Pillar page

AI Software Development

A proven process for automating software development with a team of AI agents — from requirements analysis, through coding and multi-layer testing (unit, integration, E2E, security, performance), all the way to production deployment with a complete audit trail.

We operate a team of specialized AI agents that participates in every stage of the software development lifecycle — from requirements analysis, through architecture design, coding and multi-layer testing, all the way to code review, documentation and deployment with a complete audit trail.

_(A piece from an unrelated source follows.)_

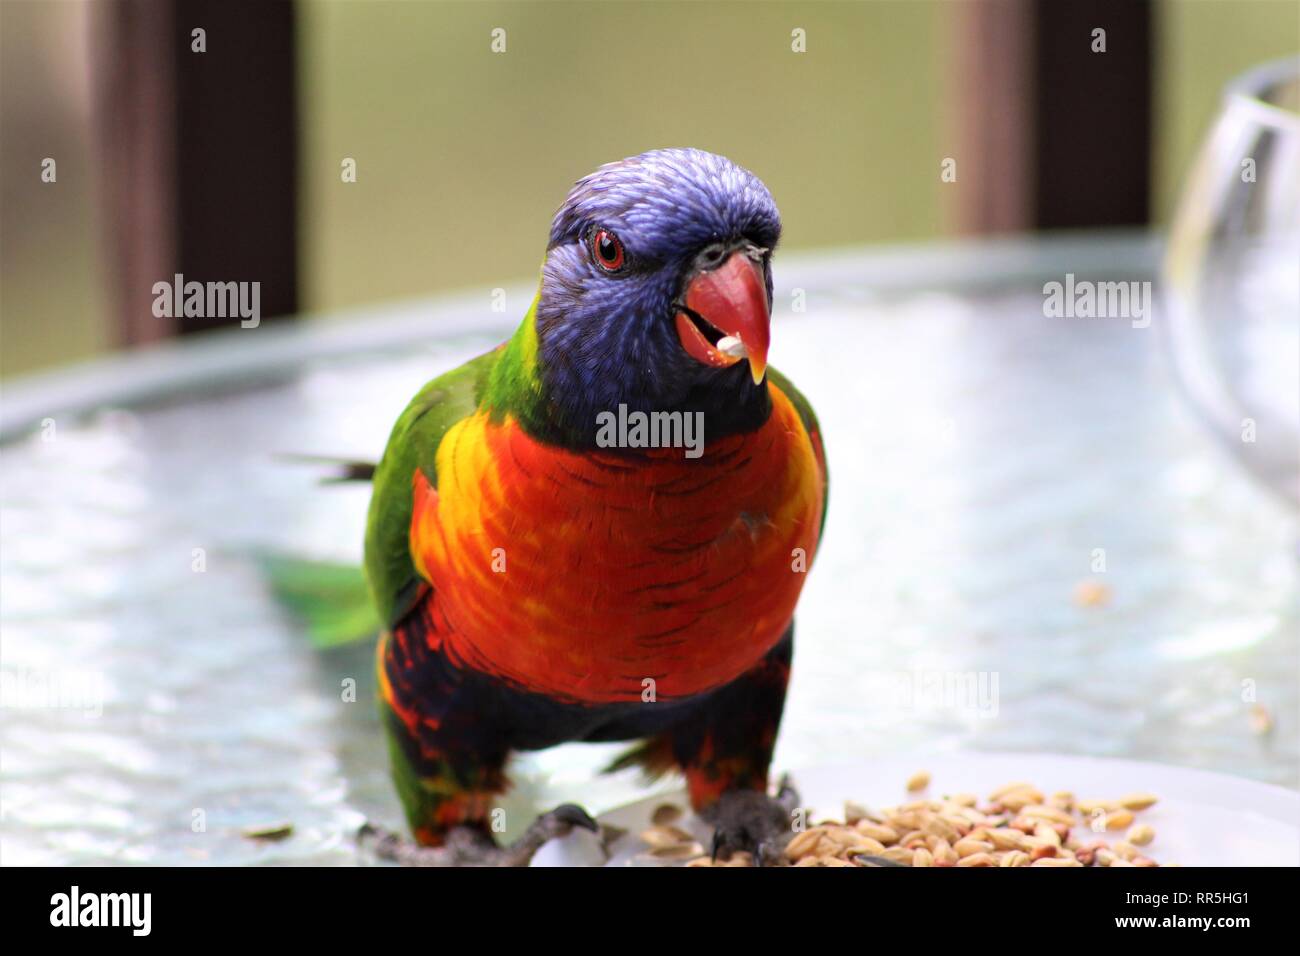 Cute exotic colorful lorikeet eating seeds, sitting on a table Stock Photo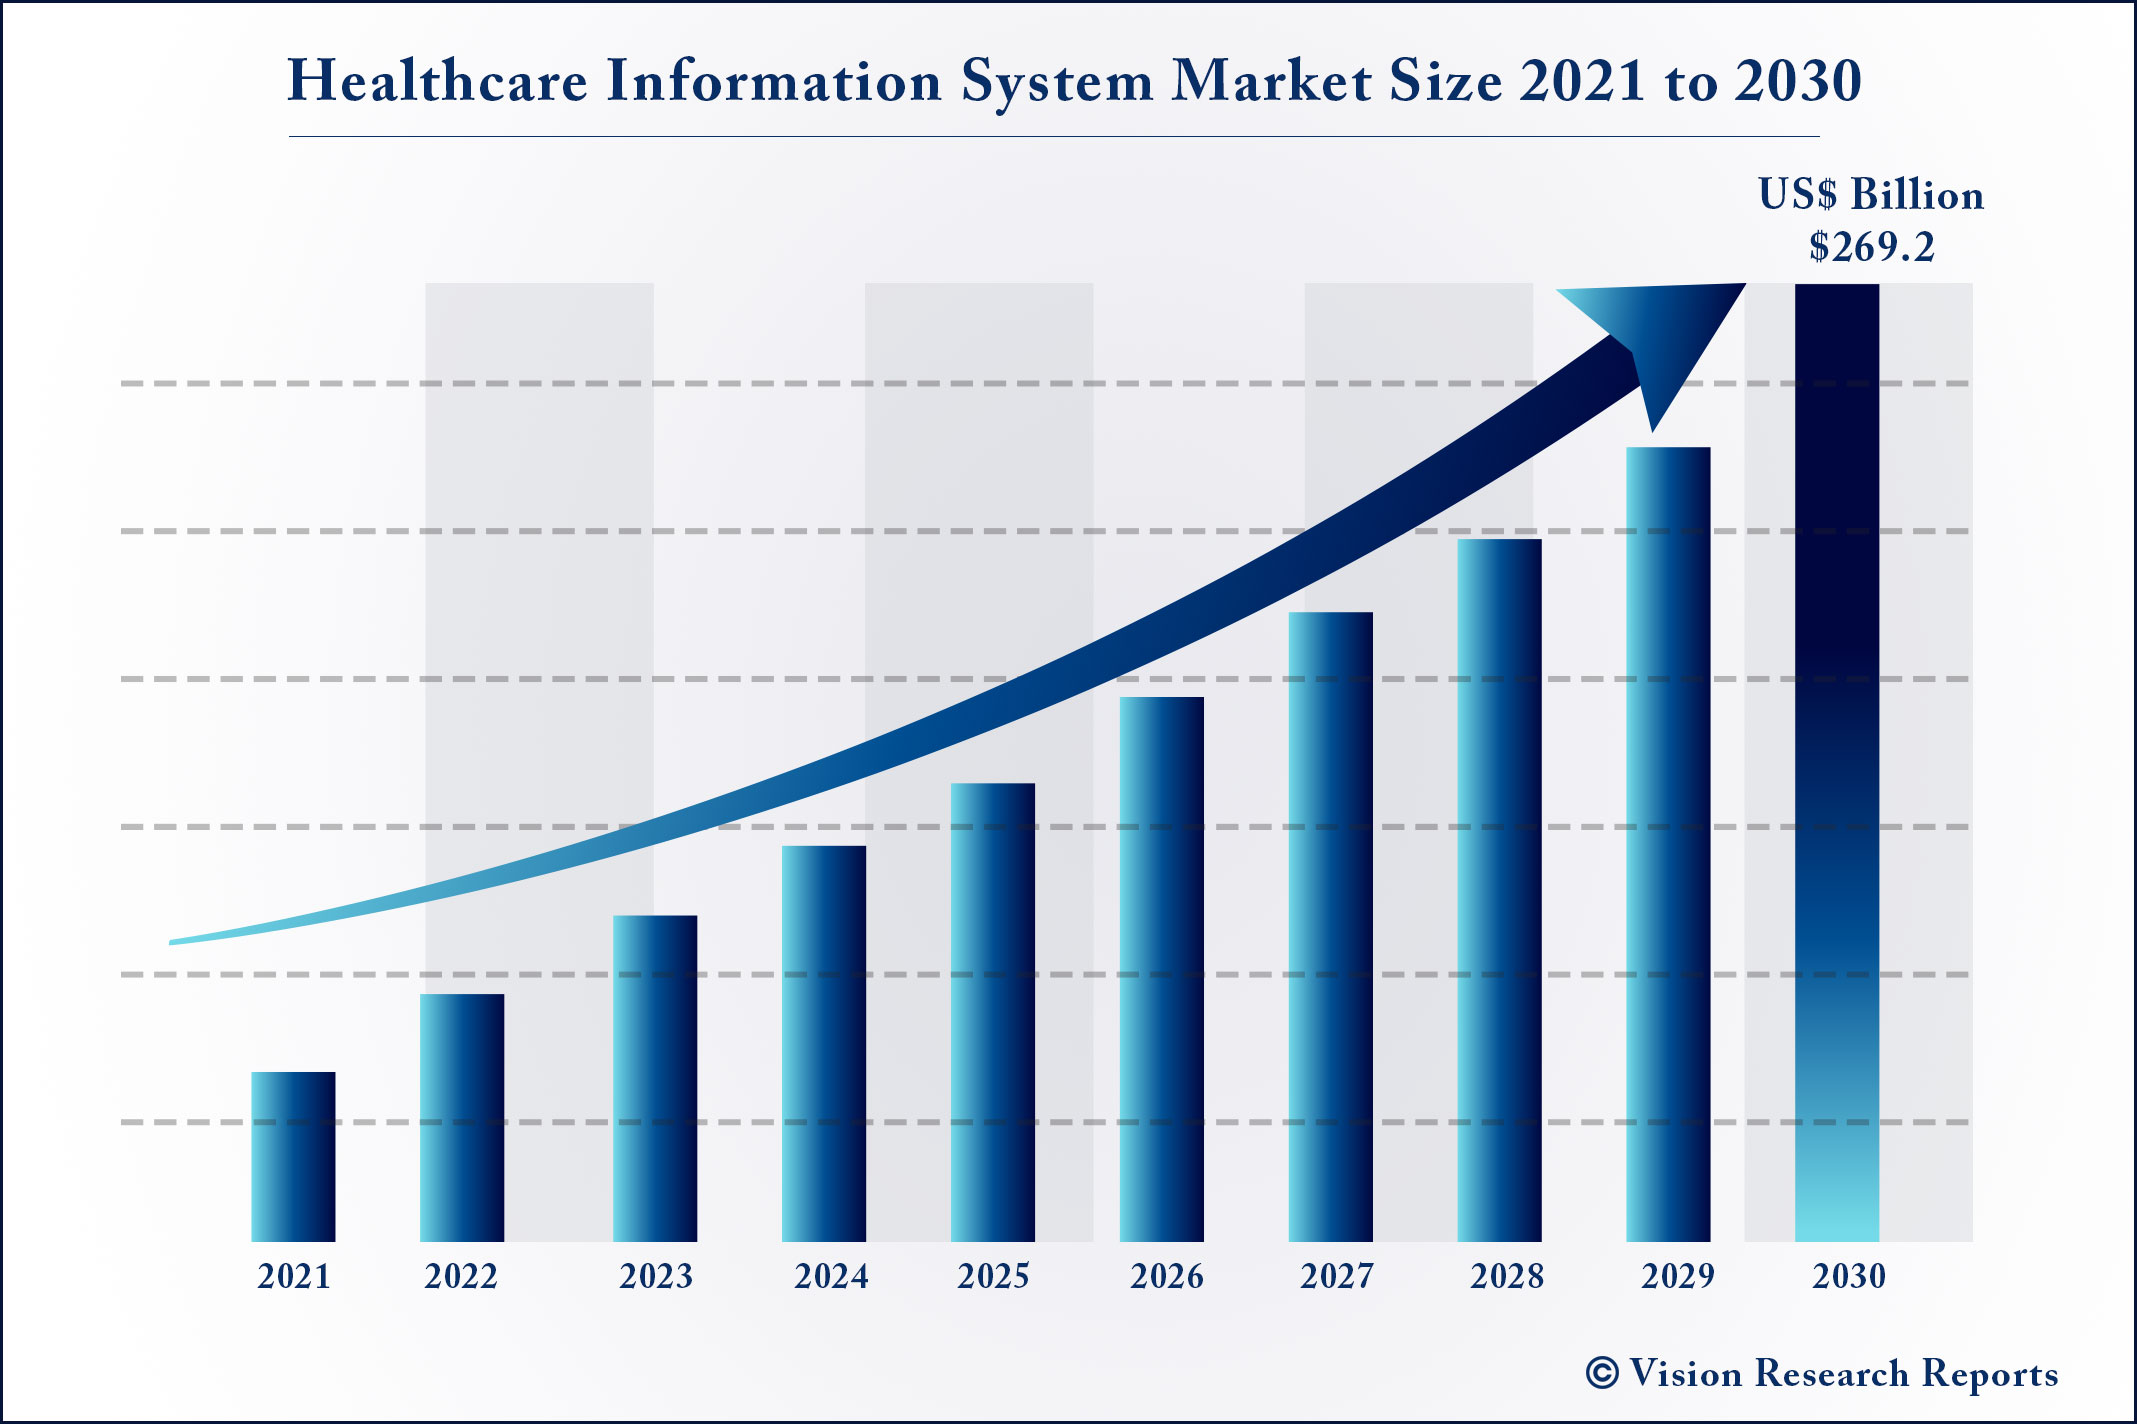 Healthcare Information System Market Size 2021 to 2030

This is how we build our own ESKOM AI products — the HybridCrew multi-agent platform, the Compliance audit system, the KRS+CRBR microservice and a portfolio of integrations. We apply the same process in client projects: both for greenfield microservices and for legacy system modernization.

This article describes how it works in practice: which tasks the agents take over, which remain with humans, what tests we run, and why this process is repeatable across project types.

Why automate software development?

A classic software development cycle (analysis → code → tests → review → deploy) typically takes 2-4 weeks for a medium-sized feature in a mature team. Most of that time goes to repetitive tasks: writing boilerplate, generating unit tests, reviewing changes, updating documentation, generating database migrations. All of them are automation-friendly.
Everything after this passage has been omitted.